La mayor parte de ellos hicieron la
«mili» en las antiguas COES, las Compañías de Operaciones
Especiales del ejército español, bien como soldados de reemplazo o en las milicias universitarias. Todos tienen en común,
independientemente del grado que llegaron a alcanzar que
actualmente son civiles y mantienen vivo el espíritu del
guerrillero, la camaradería y el amor por sus unidades. Hoy
están agrupados en la Asociación Nacional de Veteranos de
los Boinas Verdes, y cada año celebran un encuentro para
revivir aquél ambiente que les impregnó para siempre.

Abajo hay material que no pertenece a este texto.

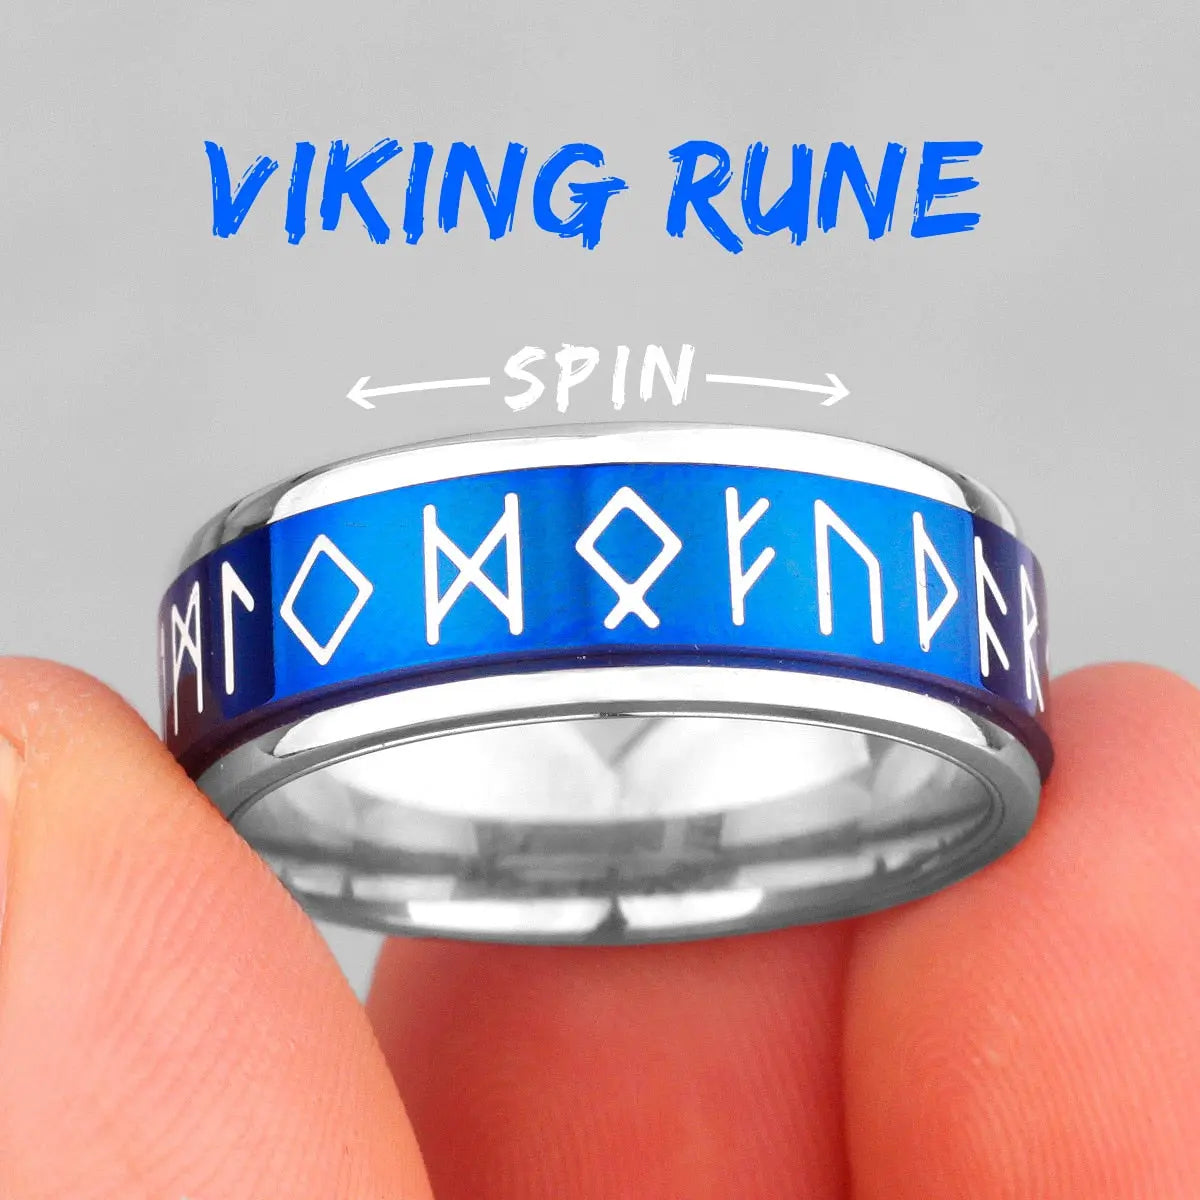 Viking Runic Ring - Mens Spin Rings Glow In the Dark Rings for Men

El vicepresidente de la ANVBV, Andrés Reche, señalaba que el
paso por las COES «deja huella, y más que camaradería, hay
hermanamiento», y agregó que las COES era una de las
unidades de combate del Ejército español que dejaba un mayor
índice de satisfacción. Anualmente organizan un encuentro en
el que, como acto central, homenajean a sus caídos, que tendrá
lugar hoy en el acuertelamiento de Rabasa, sede del Mando de
Operaciones Especiales (MOE).
Para «los más marchosos», como lo definió Reche, la
Asociación, en cooperación con el MOE, organiza un Raid Táctico
que ayer se desarrolló en el área del pantano de Guadalest.
Durante una jornada completa los antiguos «boinas verdes»
participan en un recorrido, -este año lo han hecho 150
veteranos de tres países que integraban 19 equipos- en el que
se simuló una acción guerrillera en un país enemigo, en el
que hay que traspasar un puesto fronterizo vigilado, rescatar
a un prisionero, mantener un combate con armas que disparan
bolas de pintura, todo ello salpicado de ejercicios de
orientación, parte de ella en marcha nocturna, localización
de balizas de radio, vadeo del pantano en balsa, primeros
auxilios, escalada, «rappel» y toda una serie de tácticas
propias de este tipo de unidades especiales a las que un día
pertenecieron y siguen manteniendo un estrecho vínculo, y a
las que se invita a sus colegas de otros países de la Unión
Europea. Este año han asistido equipos de Portugal y de
Francia, que formaron patrullas mixtas con los españoles.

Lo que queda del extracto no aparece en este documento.